A GCS score of 15 does not always signify return to normative cognitive function. Individuals with a GCS score of 15 who are acutely cognitively impaired are at risk of not being accurately identified. The addition of an amnesia score to the GCS in the Abbreviated Westmead Post-traumatic Amnesia Scale will assist in making a diagnosis of mTBI.

摘要

目的

研究简化版韦斯特米德创伤后遗忘量表(该量表包括格拉斯哥昏迷量表[GCS]和用于测量遗忘的3张图片卡片)在识别轻度创伤性脑损伤(mTBI)个体是否存在创伤后遗忘方面的效用。

设计

使用简化版韦斯特米德创伤后遗忘量表数据进行的前瞻性研究。

地点

创伤医院。

参与者

2011年4月至9月间就诊的可能患有mTBI的个体(N = 252;年龄范围18 - 65岁;平均年龄37.4±13.9岁;77%为男性)。

干预措施

实施简化版韦斯特米德创伤后遗忘量表。

主要观察指标

GCS和简化版韦斯特米德创伤后遗忘量表的通过/未通过率。

结果

其中169人(平均年龄35.1±13.6岁;77%为男性)接受了该量表测试。

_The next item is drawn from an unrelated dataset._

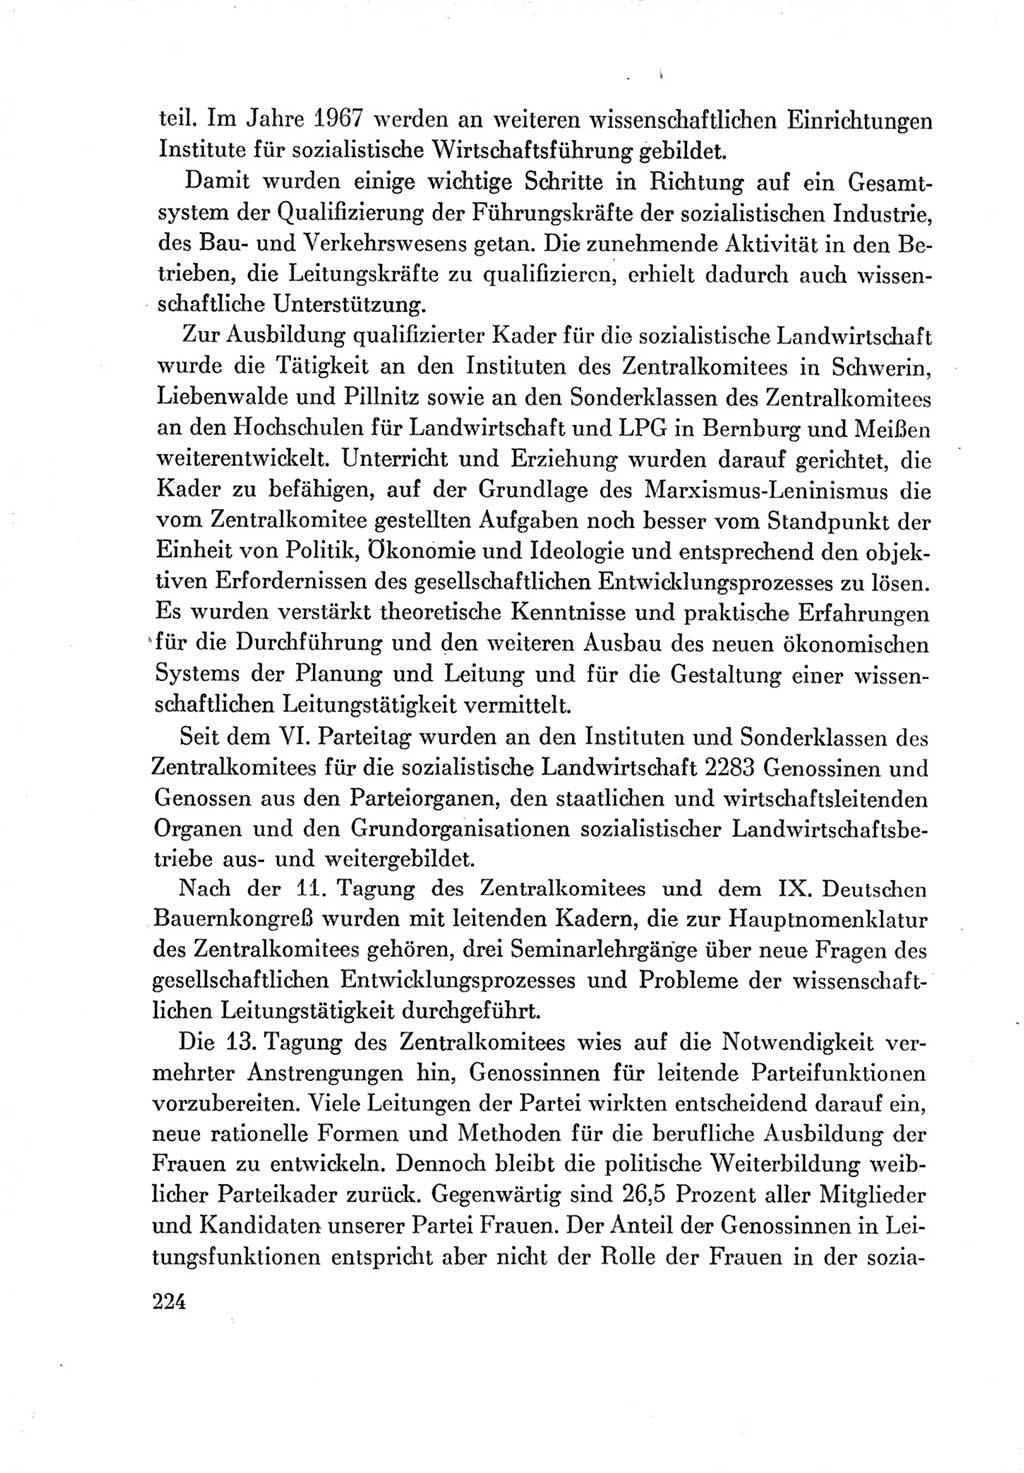 Protokoll der Verhandlungen des Ⅶ. Parteitages der Sozialistischen Einheitspartei Deutschlands (SED) [Deutsche Demokratische Republik (DDR)] 1967, Band Ⅳ, Seite 224 (Prot. Verh. Ⅶ. PT SED DDR 1967, Bd. Ⅳ, S. 224)

分诊后中位数121分钟(四分位间距89 - 205分钟)达到通过/未通过的测试结果。在未通过测试的45人中,31人(69%)的GCS评分为15分。未通过测试的可能性与年龄较大(优势比[OR]为1.03;95%置信区间[CI]为1.02 - 1.06;P <.05)、饮酒(OR为3.09;95% CI为1.42 - 6.74;P <.01)以及量表测试时间更接近受伤时间(OR为0.99;95% CI为0.99 - 1.00;P <.05)有关。未通过测试的人中有19人(42%)饮酒,11人的GCS评分为15分,8人的GCS评分为14分。

结论

GCS评分为15分并不总是意味着恢复到正常认知功能。GCS评分为15分但存在急性认知障碍的个体有未被准确识别的风险。简化版韦斯特米德创伤后遗忘量表中在GCS基础上增加遗忘评分将有助于mTBI的诊断。